In a presentation to analysts, Watson reiterated the company’s decision to back away from any future megaprojects. Aside from the Tengiz project in Kazakstan, which Chevron is still mulling over, the company won’t greenlight any more large-scale investments. “We need better prices for more long-cycle time projects,” he said, according to Bloomberg. “Ultimately, prices have to support investments.”

Instead, Chevron will look at shale drilling in the Permian Basin in West Texas. A well drilled in the Permian will cost Chevron $7 million apiece, which sounds much more attractive than shelling out billions of dollars for a project that will take years to develop.

To be sure, shale wells produce a fraction of the oil and gas that a large-scale project would, but a company like Chevron can drill hundreds or thousands of them, ramping up activity as market conditions warrant. Bloomberg reported that Chevron already has identified 1,300 Permian wells that can offer a 10 percent return with oil at $40 per barrel, and the list of profitable wells climbs dramatically as prices rise.

It is hard to overstate how substantially different the business model is compared to the recent past. In 2014, for example, Gorgon LNG and Wheatstone, another massive LNG project in Australia, swallowed up about half of Chevron’s spending for the year. In contrast, Chevron will shift much of these resources to focus on shale. “Don’t be surprised if by the middle of the next decade 20 to 25 percent of our production is in this short-cycle shale and tight activity,” Watson said on March 8.

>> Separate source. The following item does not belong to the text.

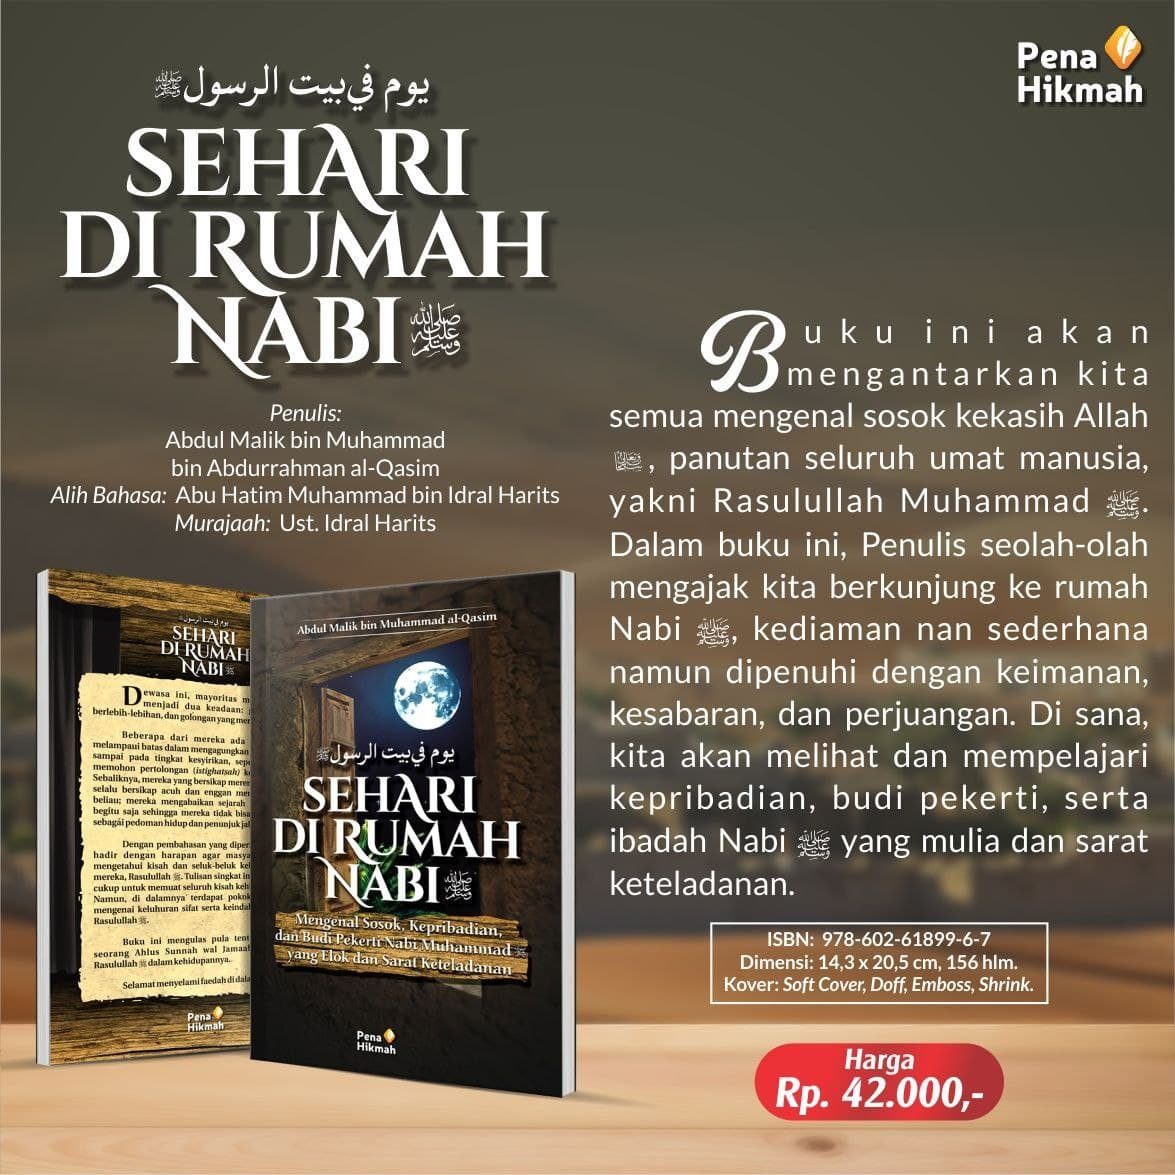 Buku Sehari di Rumah Nabi ﷺ Pena Hikmah

A January 2016 report from Wood Mackenzie estimated that $380 billion worth of oil and gas investment in 68 major projects have been cancelled since 2014.

Chevron is not the only company employing this strategy. Royal Dutch Shell cancelled its Arctic drilling program last year, as well as a major oil sands projects in Canada (although Shell still has its sights set on expensive offshore oil in Brazil). In October, ConocoPhillips said that by 2017, it would cease exploration for oil and gas in deep-water. “It’s a strategic decision to exit deep-water exploration,” ConocoPhillips’ executive vice president Matt Fox said. A few months earlier ConocoPhillips outlined a plan to obtain more than half of its production from shale over the next three years. ExxonMobil also announced plans in 2015 to double shale production in the next few years while it limits its spending on megaprojects.

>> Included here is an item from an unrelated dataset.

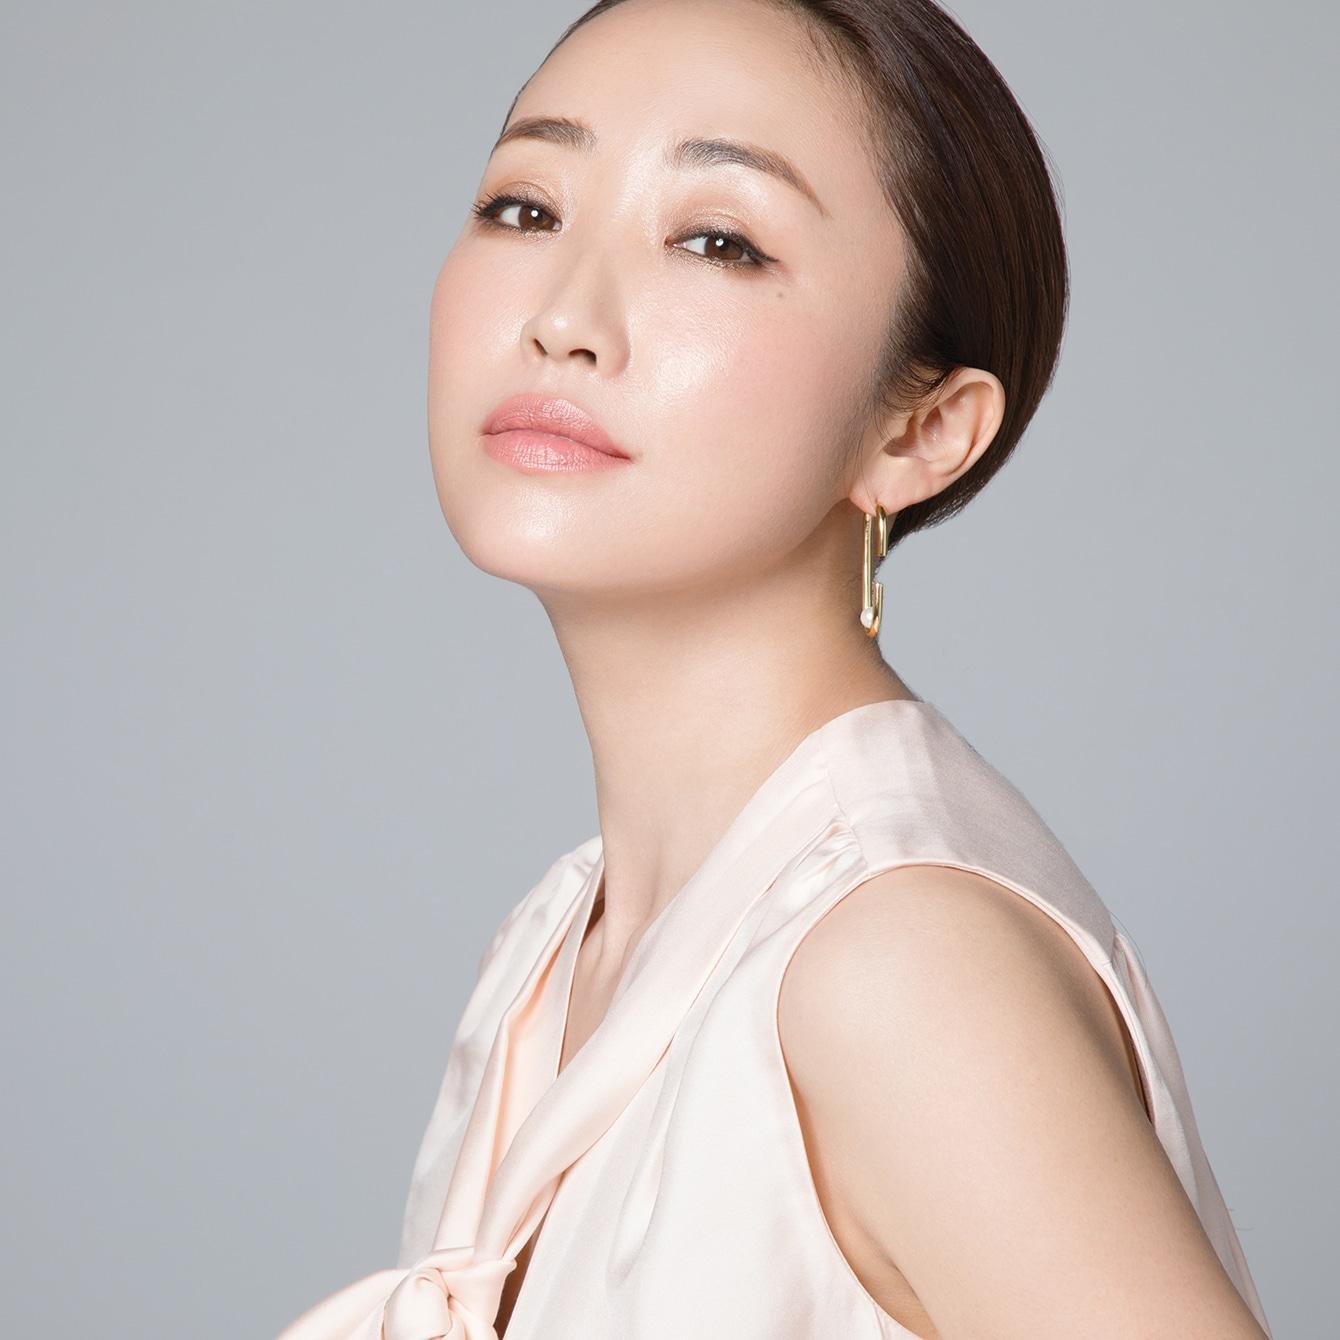 【神崎恵さん流】ファッションに合わせてヘアもメイクも変える方法
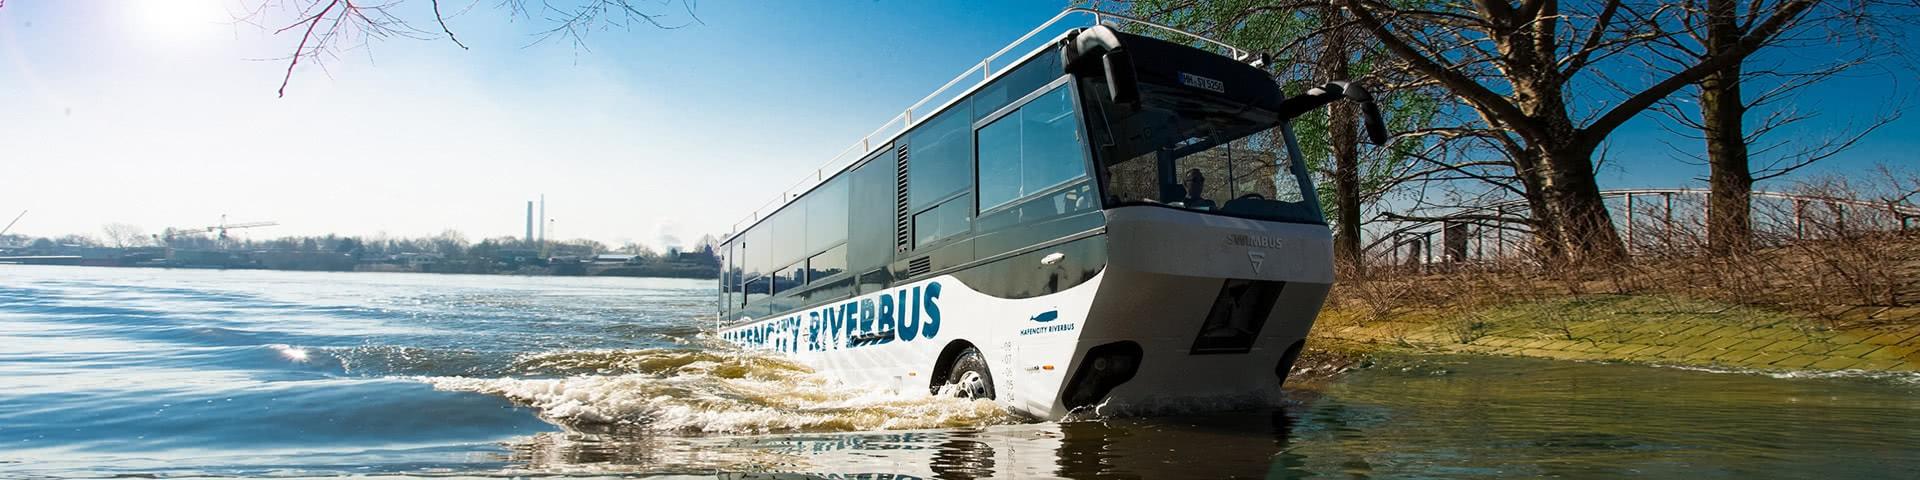 Hafencity Riverbus fährt aus dem Wasser raus aufs Land

A January 2016 report from Wood Mackenzie estimated that $380 billion worth of oil and gas investment in 68 major projects have been cancelled since 2014. The companies involved largely had no choice but to cancel such ambitious levels of spending, but the end result will be an estimated 2.9 million barrels of oil per day that will not come online this decade.

A temporary or permanent shift?

The big question is whether large-scale single-project investments will ever come back. A sharp rise in oil prices could bring many of the suspended projects back to the forefront.

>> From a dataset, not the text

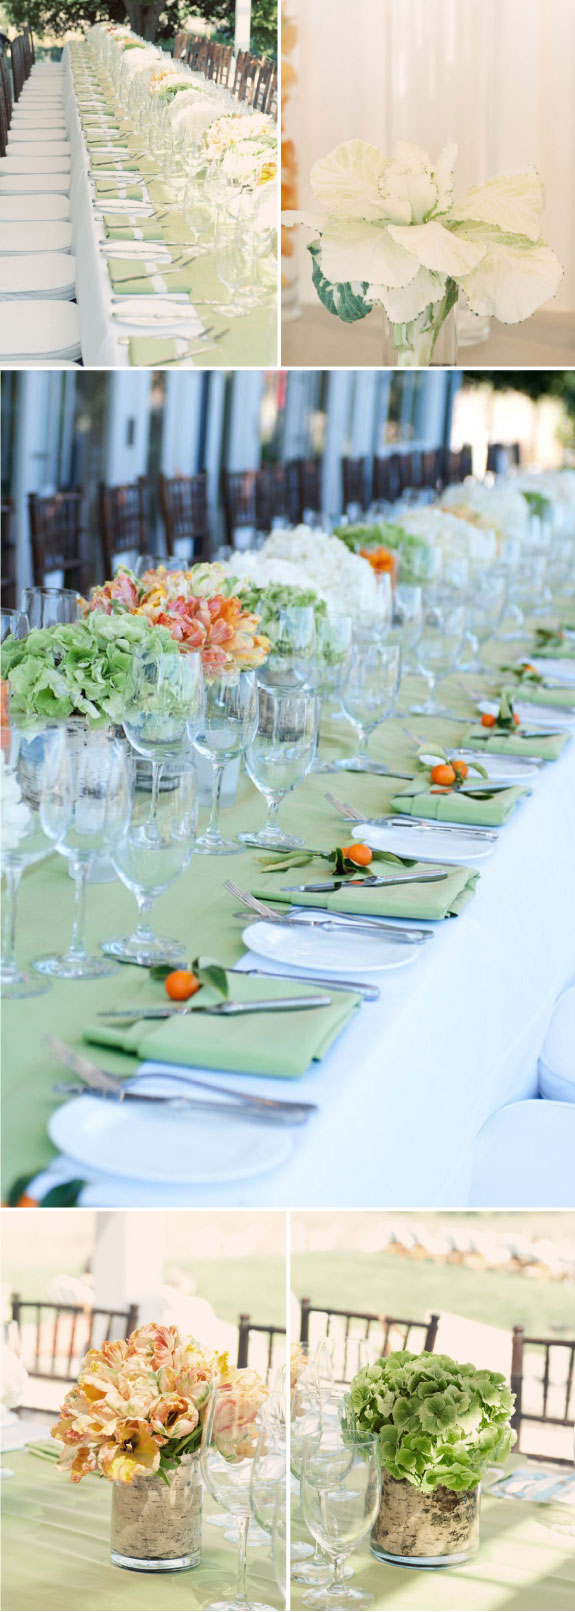 Pretty Wedding Ślub z tulipanami, pomarańczowy i zielony kolor na ślubie

However, that seems to be a remote prospect. In the IEA’s World Energy Outlook 2015, the Paris-based energy agency does not forecast a return to $100 oil before the end of the decade. In a few of its scenarios the IEA predicts that oil will stay below that threshold through 2040. If that holds true, it could be a long time before the oil majors move forward with any more megaprojects. Fear of betting big on a project just to see oil prices continue to languish will prevent major investments for years to come.